WHAT YOU HAVE TO DO → Each record below should be reproduced as it is written, with pictures left out entirely.

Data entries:
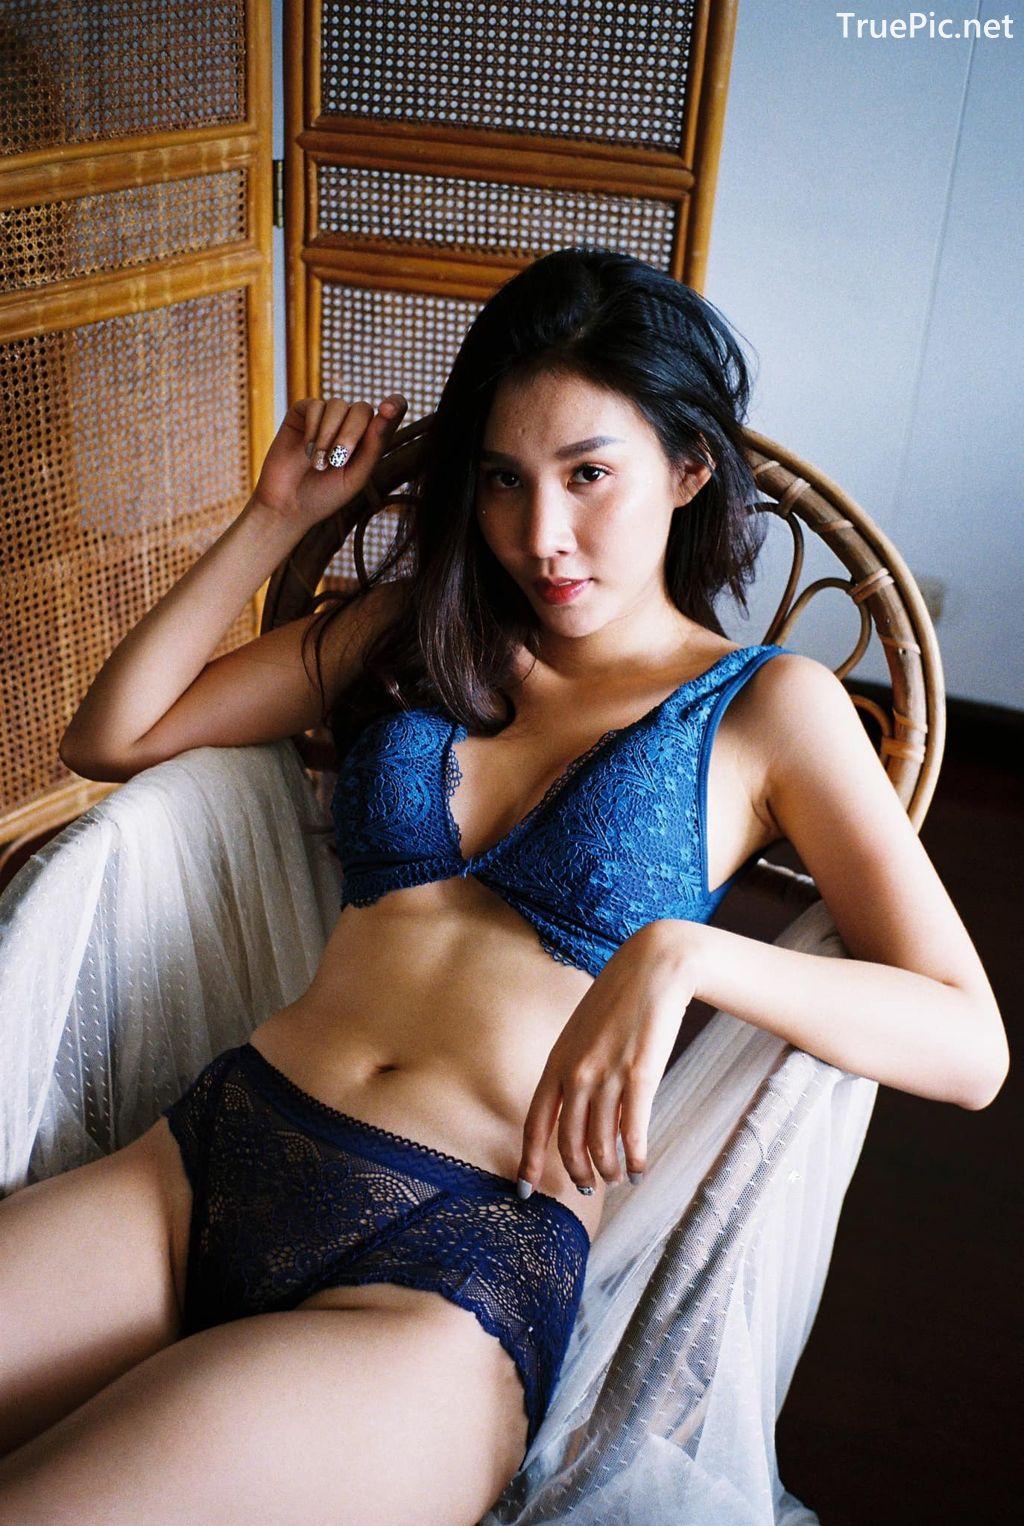 Image-Thailand-Model-Ssomch-Tanass-Blue-Lingerie-TruePic.net-TruePic.net- Picture-7
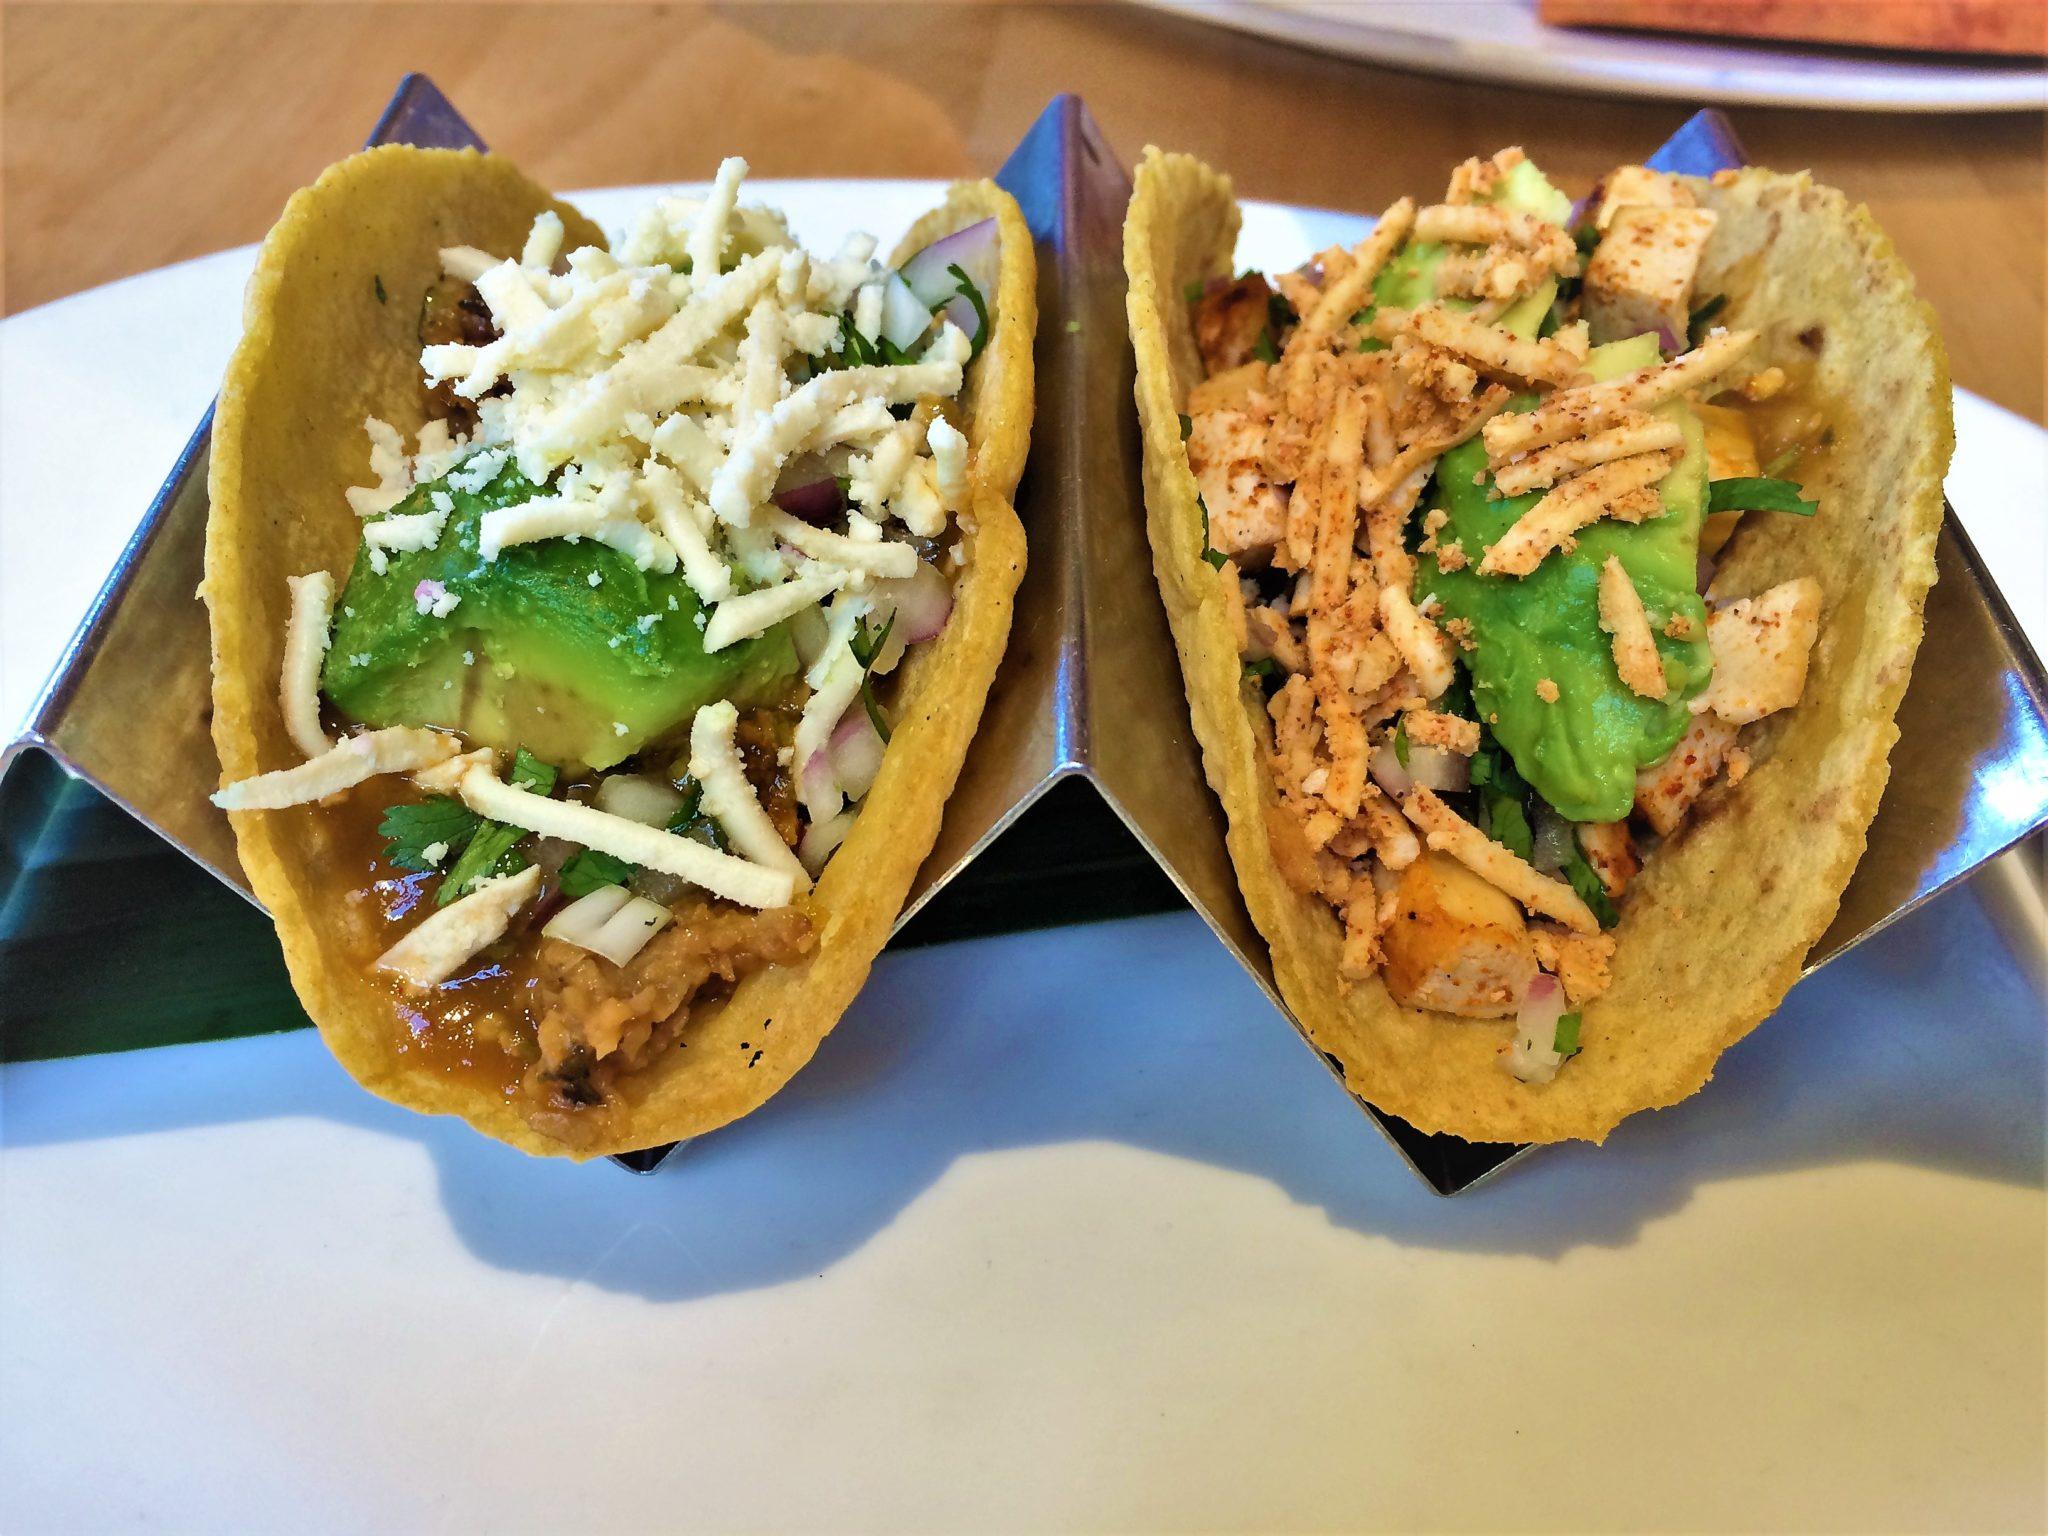 Vegan Tacos Los Angeles Tocaya Organica Best Vegan
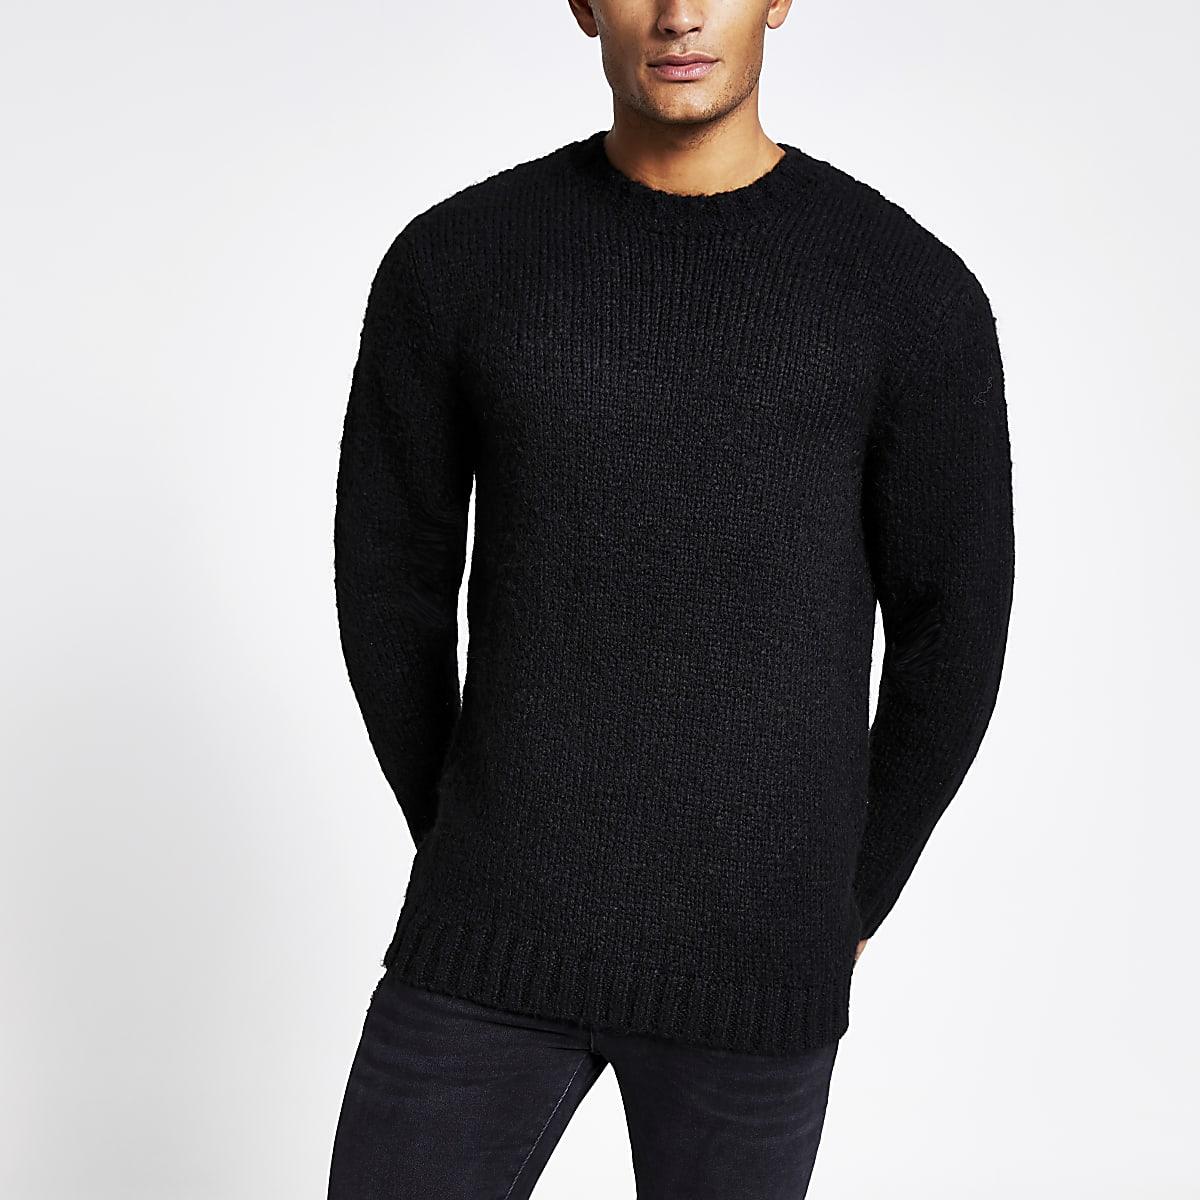 Black long sleeve regular fit knitted jumper
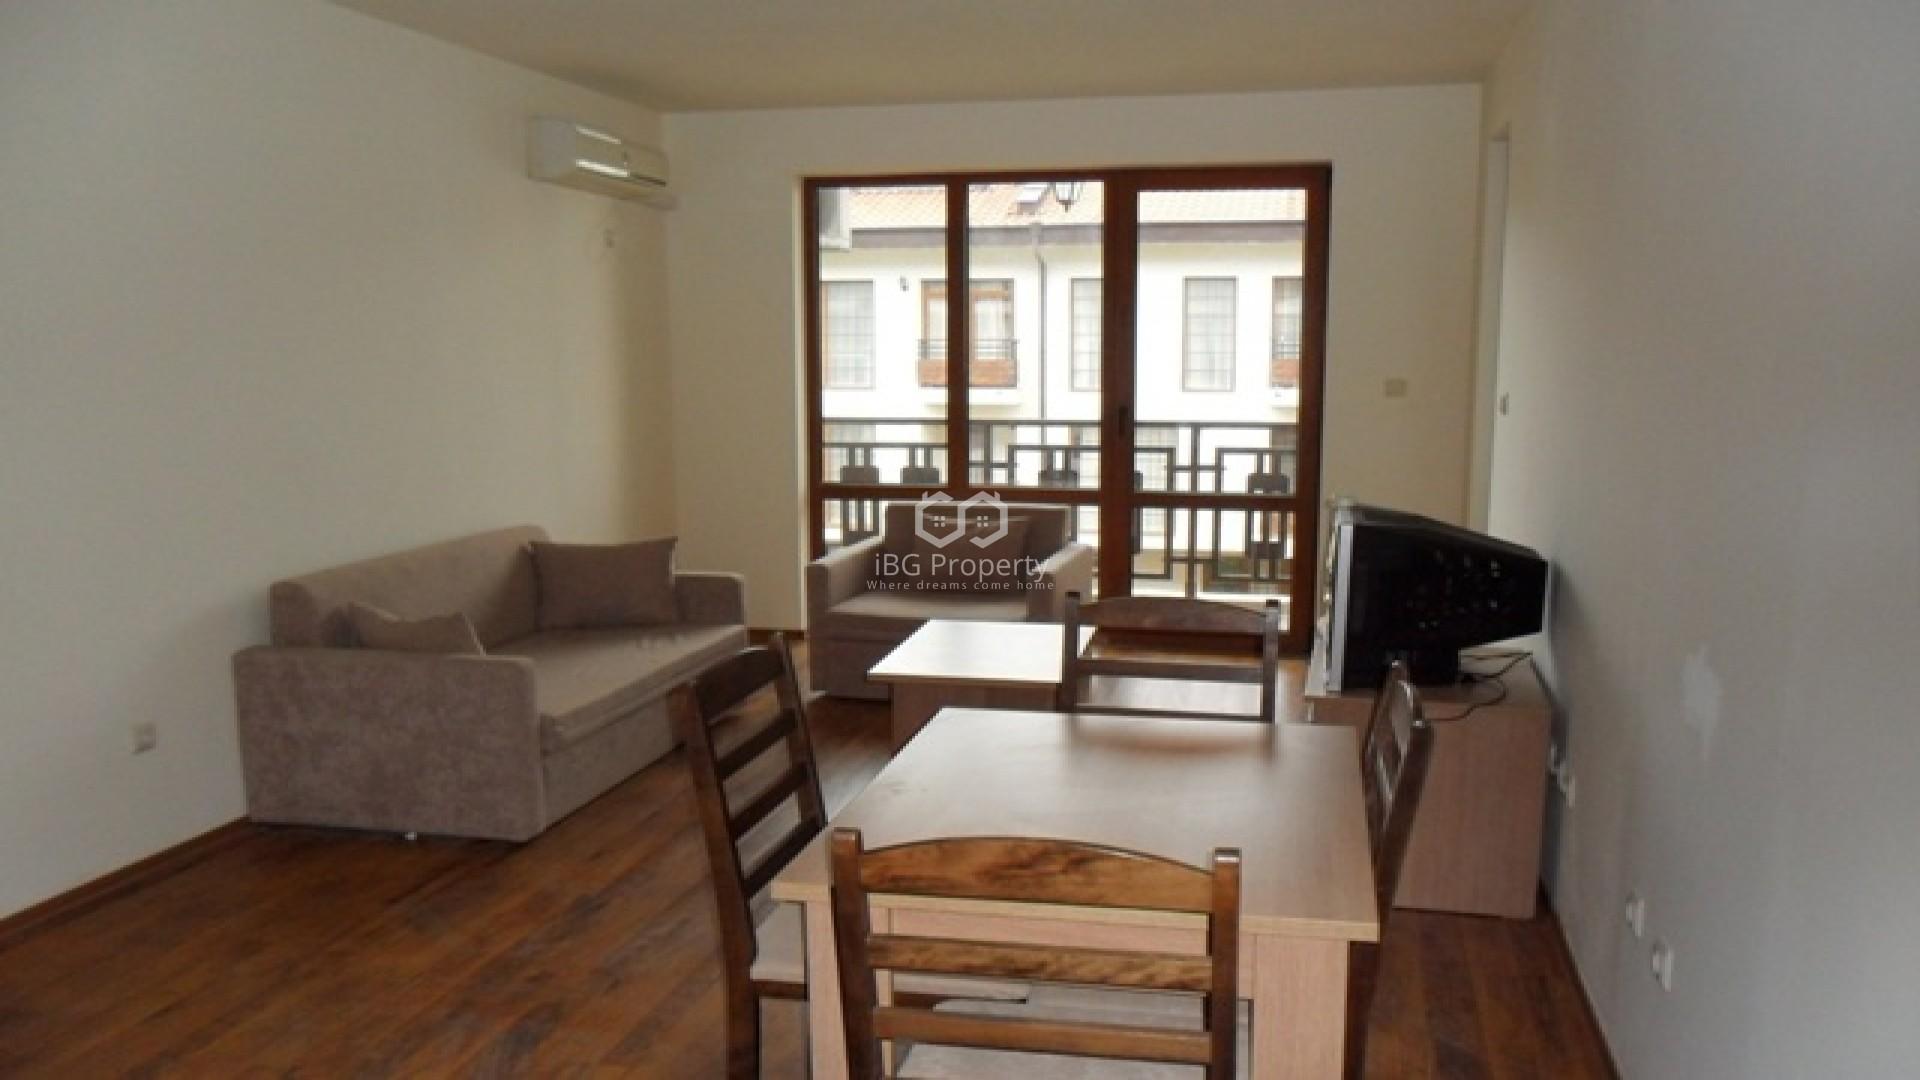 Двухкомнатная квартира Свети Влас 68 m2
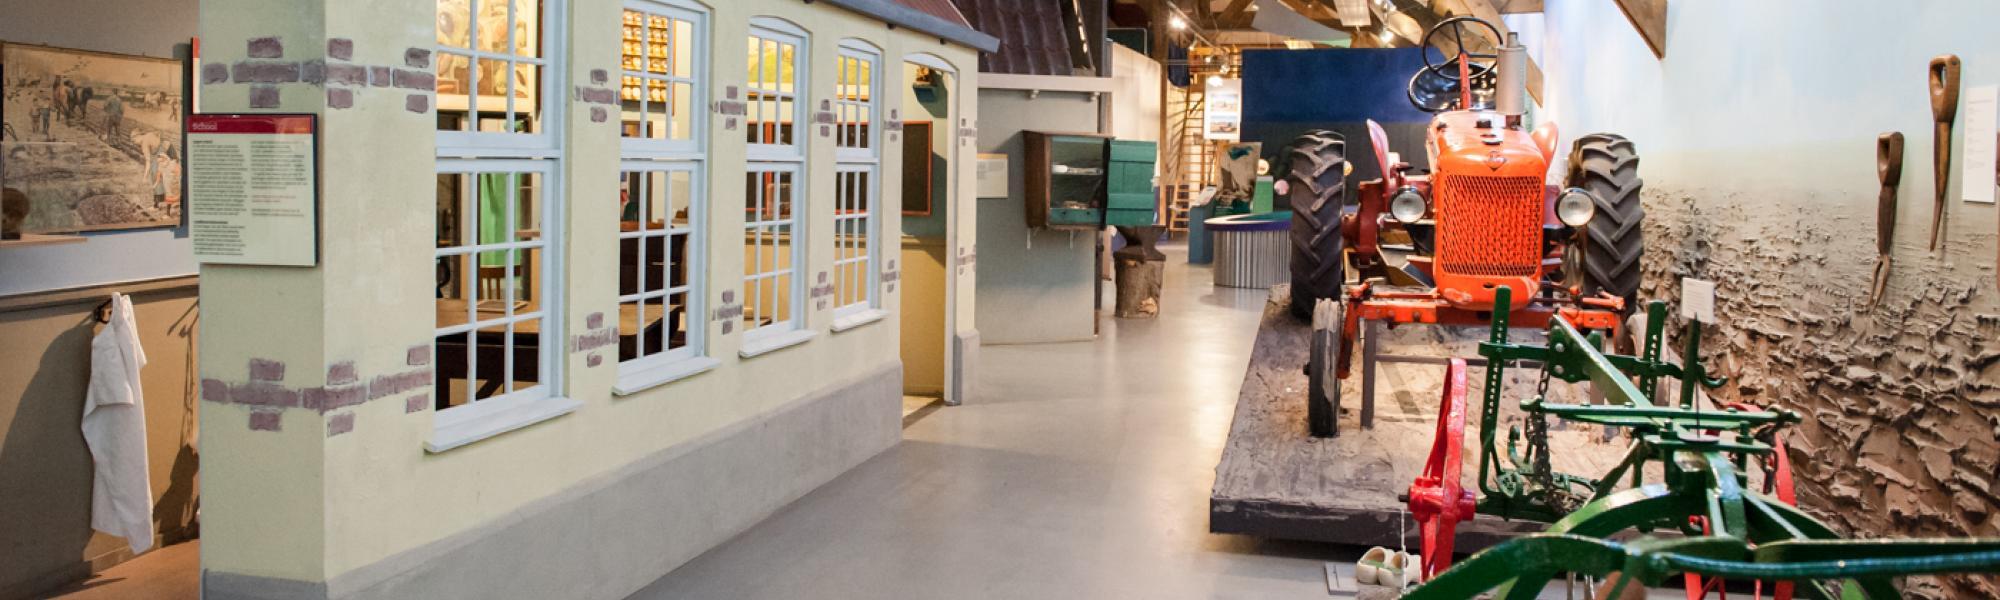 Vaste tentoonstelling Historisch Museum

SOLUTION TO THE PROBLEM →
 Image-Thailand-Model-Ssomch-Tanass-Blue-Lingerie-TruePic.net-TruePic.net- Picture-7
 Vegan Tacos Los Angeles Tocaya Organica Best Vegan
 Black long sleeve regular fit knitted jumper
 Двухкомнатная квартира Свети Влас 68 m2
 Vaste tentoonstelling Historisch Museum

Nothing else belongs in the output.